Each Spoke provides specific lending functions (supply, borrowing, repayment, withdrawal) and has separate risk parameters: different types of collateral, liquidation rules, interest rate models, E-Mode, Association Mode, RWA support, etc。

This means that Aave will be able to control the overall risk posed by a single asset by deciding, on a case-by-case basis, whether to establish a fully segregated pool of borrowing assets for different types of risk and nature。

In addition, a well-known DeFi player, Benmo, raised five points in response to the incident:

FIRST, THE SECURITY OF PACKAGED ASSETS, SUCH AS LRT, CANNOT BE COMPARED TO THE ORIGINAL ASSETS, AND THE LENDING PLATFORM DOES NOT EMBROIL THE TWO EQUALLY AS COLLATERAL

Second, L0 loses part of the cross-chain market in the follow-up, and multiple assets, such as usde, usd0, are already stopping the L0 cross-chain, and perhaps even business recovery will make it difficult to restore credibility。

Thirdly, the collapse of the AAVE gold and the re-entry of the security of the large-scale lending market into the whale examination phase, with each additional mortgage asset increasing equally the risk of the original mortgage asset, a natural injustice to the original asset, and the trend towards V4 and modularization of the lending product, which is likely to accelerate. Borrowing operations are chosen instead of lending platforms or curator, but the cost of such operations is increasing。

Fourth, the tvl acquisition cost of L2 will be further increased, and now the tvl level will further flow back to L1.

Fifthly, Defi stopped extending the route and returned to a conservative security model, further preventing the scanning of Anthropic Mythos。

From Drift to Kelp DAO, the two major security incidents in a short period of time have shown that DeFi's “tied-up” financial structure, causing a systemic collapse at any one point, will suddenly evolve into an industry-wide liquidity squeeze. In the past, this view existed mainly in theory, and most of the impact of security incidents has remained on individual agreements, which is happening in a tragic way。

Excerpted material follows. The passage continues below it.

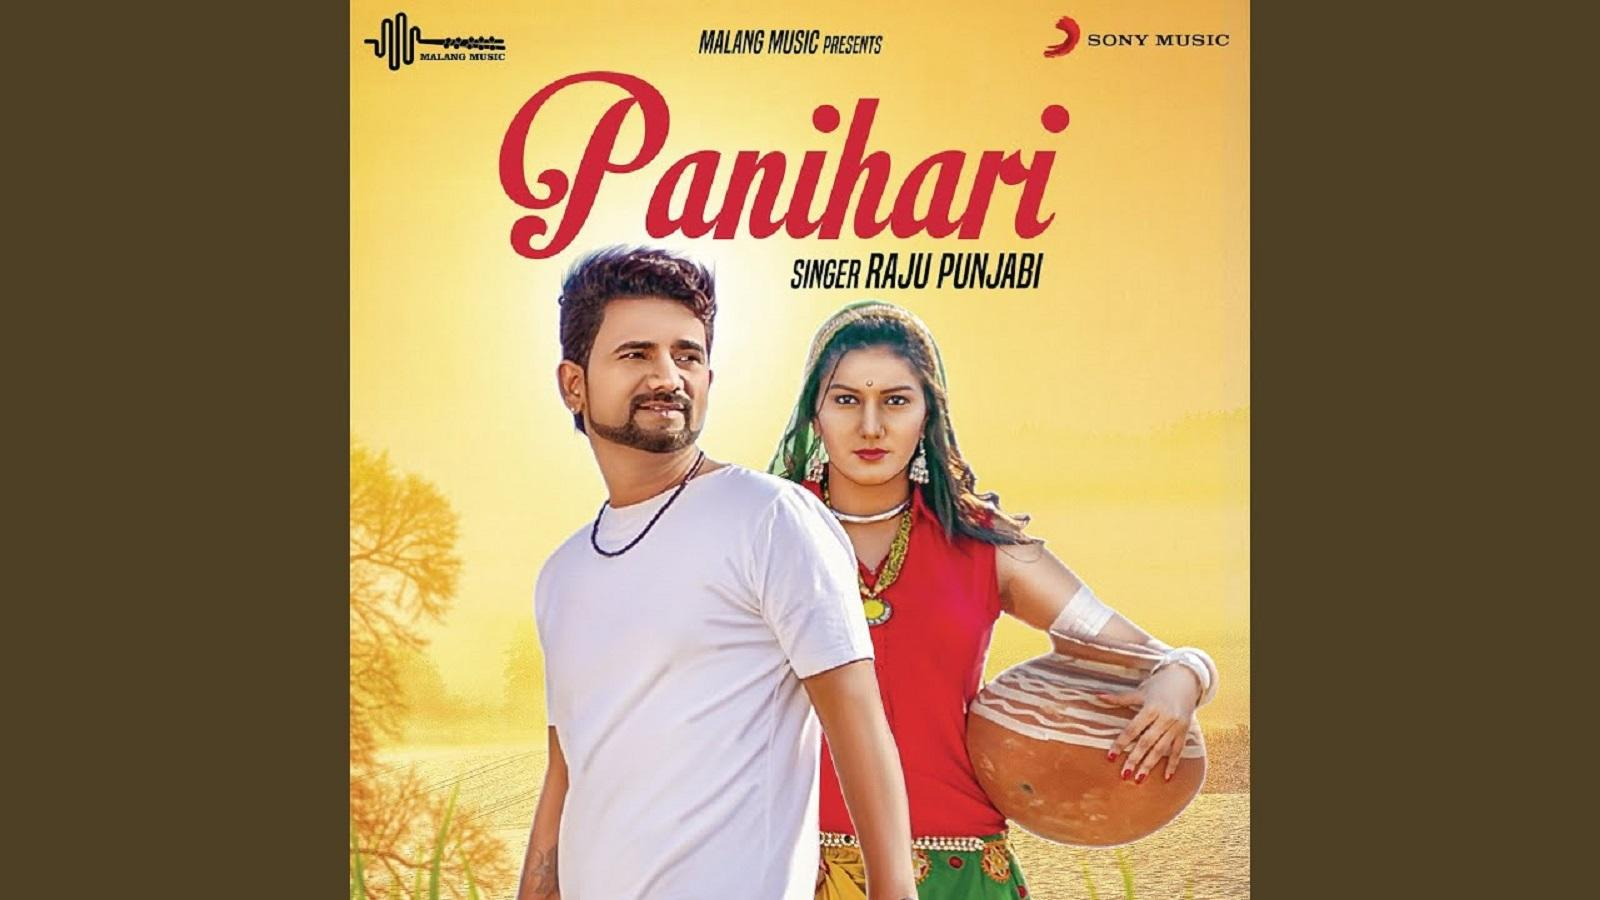 Watch: Sapna Choudhary's latest Haryanvi song 'Panihari' sung by Raju  Punjabi

This is not only a trial of cross-chain agreements and lending agreements, but also a major blow to user confidence。

“No more Defi, only original ETH, no pledge or deposit, no interest. "Celebrated KOL laolu says。

"Get out of Defi first. It's too dangerous. This time, the fractured bones are bigger than Drift/Cowswap's..."and the famous DeFi investor Dovey Wang shares the same view。